▶ [Work to be completed]:
Could every line below be transcribed exactly, with the pictures dropped?
Data excerpt Block Start
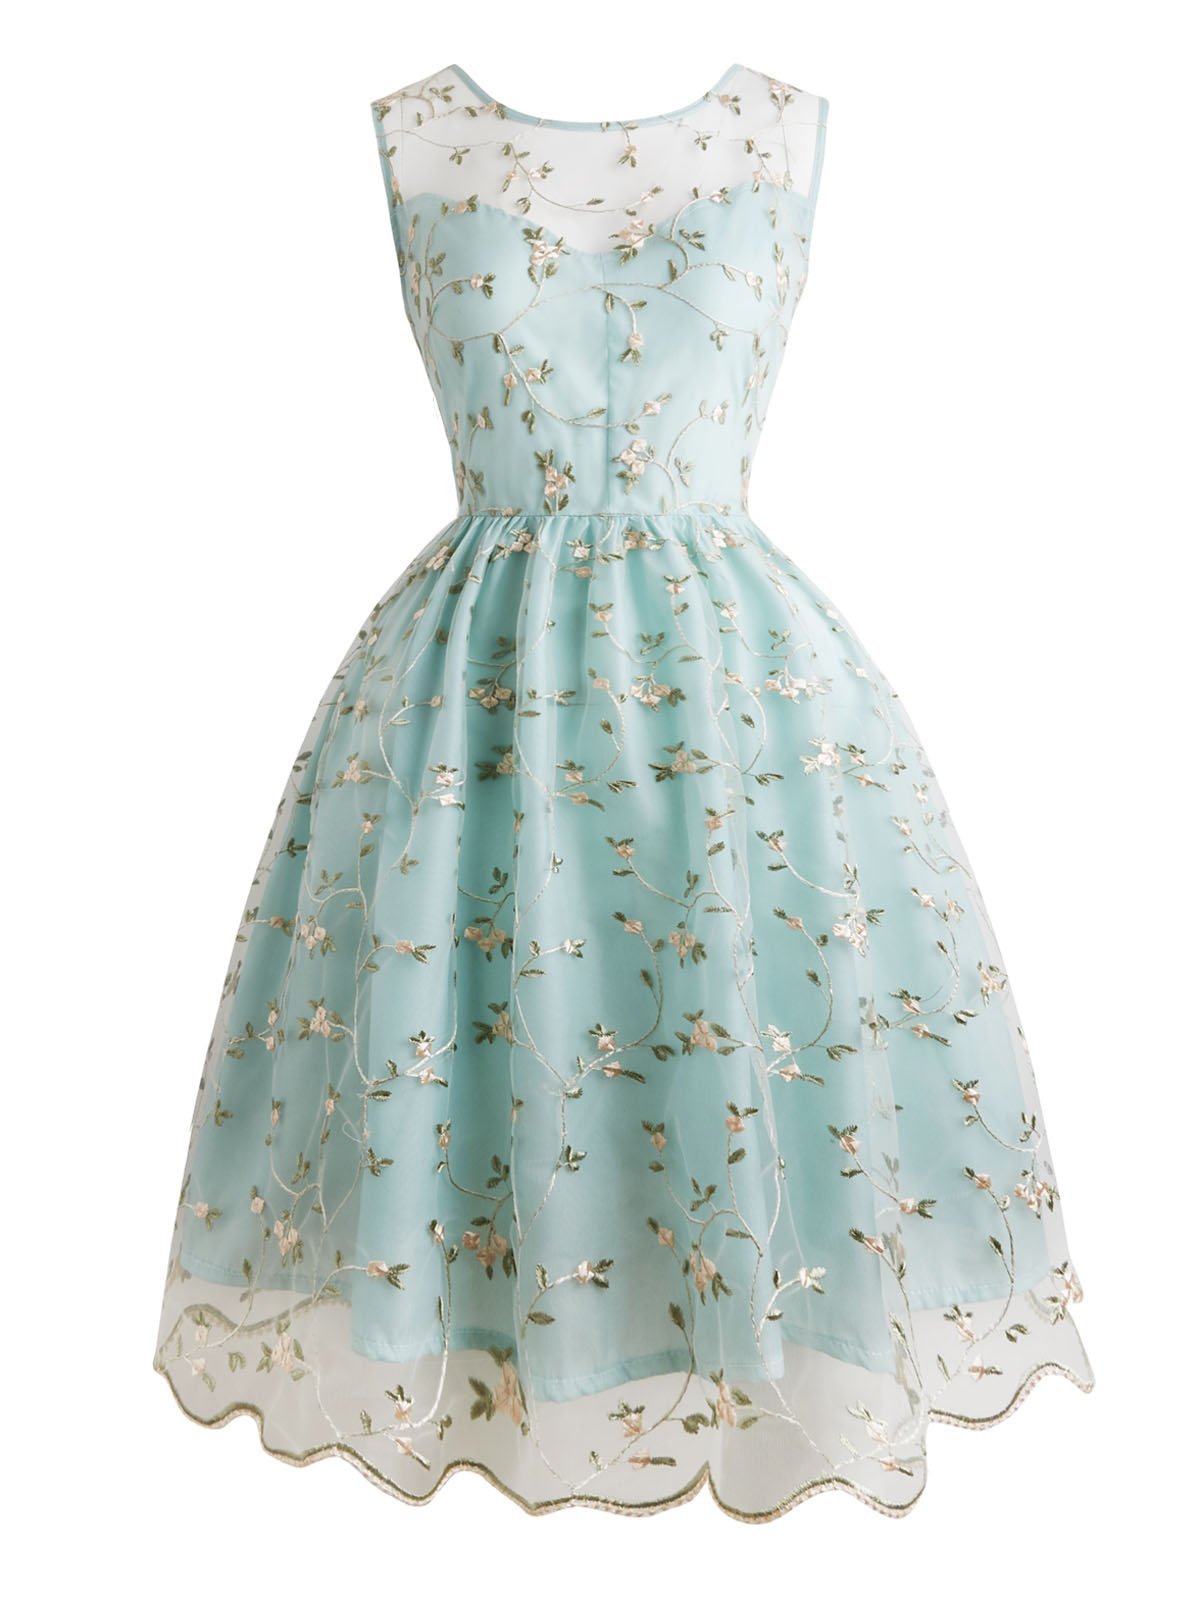 1950s Floral Embroidery Lace Dress
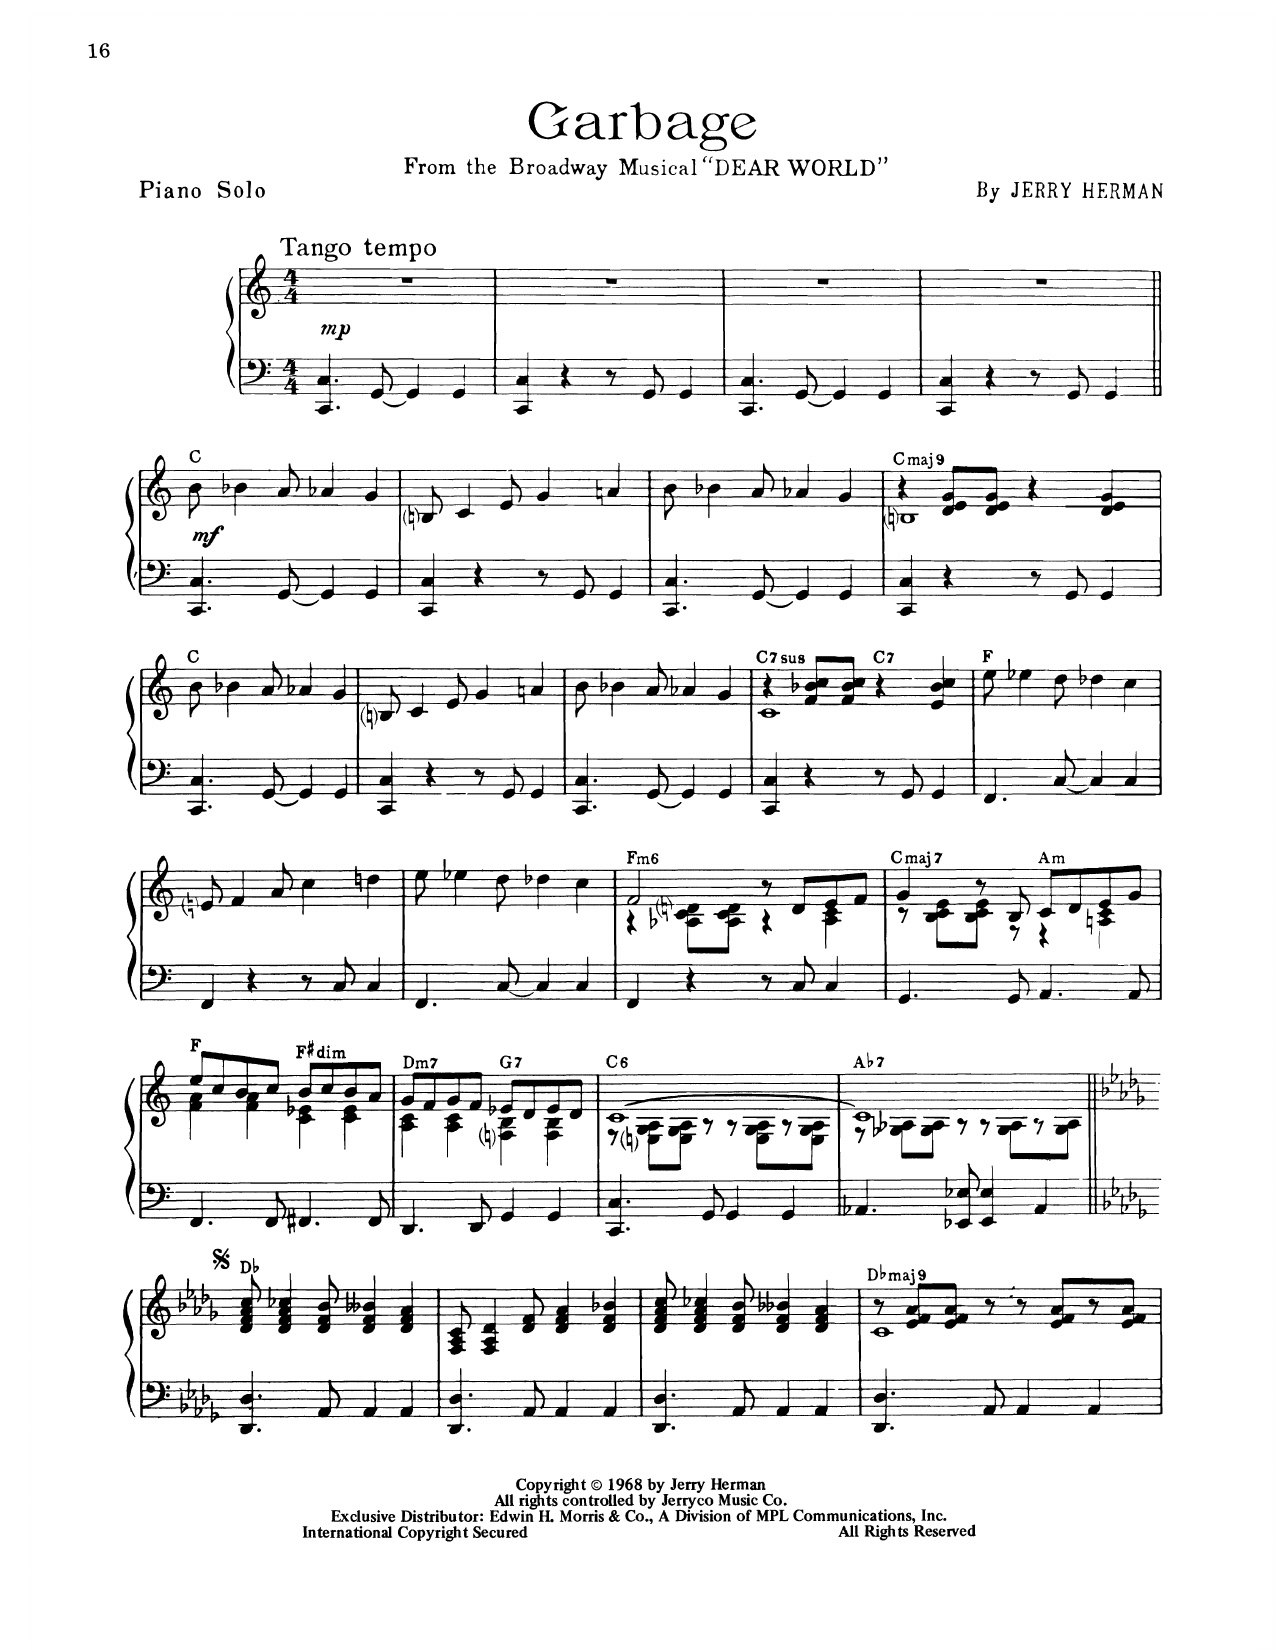 Jerry Herman Garbage (from Dear World) sheet music notes printable PDF score
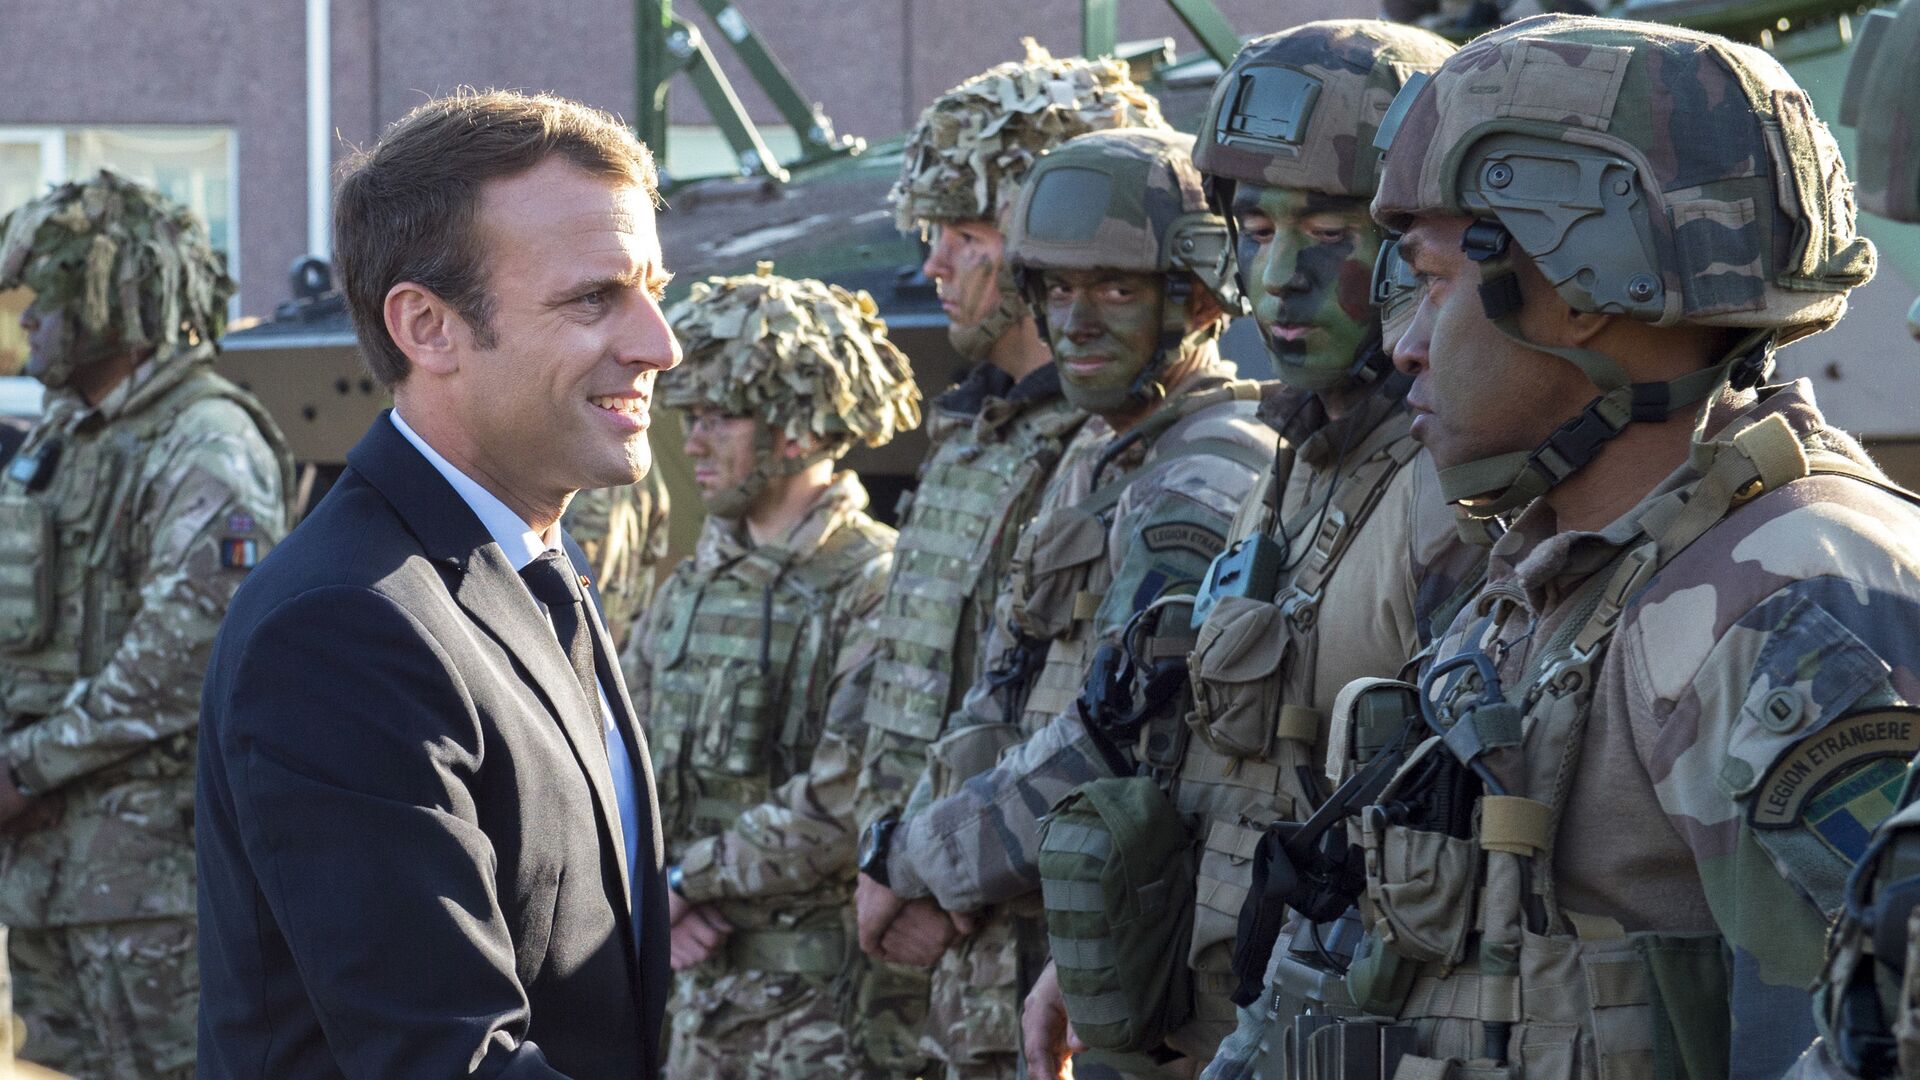 FILE - In this Friday, Sept. 29, 2017 file photo, France's President Emmanuel Macron, left, shakes hands with French soldiers of the NATO Battle Group at the Tapa military base, about 90 kilometers (56 miles) west of Tallinn, Estonia - Sputnik International, 1920, 23.01.2022
Data excerpt Block End
▶ [Response to this task]:
 1950s Floral Embroidery Lace Dress
 Jerry Herman Garbage (from Dear World) sheet music notes printable PDF score
 FILE - In this Friday, Sept. 29, 2017 file photo, France's President Emmanuel Macron, left, shakes hands with French soldiers of the NATO Battle Group at the Tapa military base, about 90 kilometers (56 miles) west of Tallinn, Estonia - Sputnik International, 1920, 23.01.2022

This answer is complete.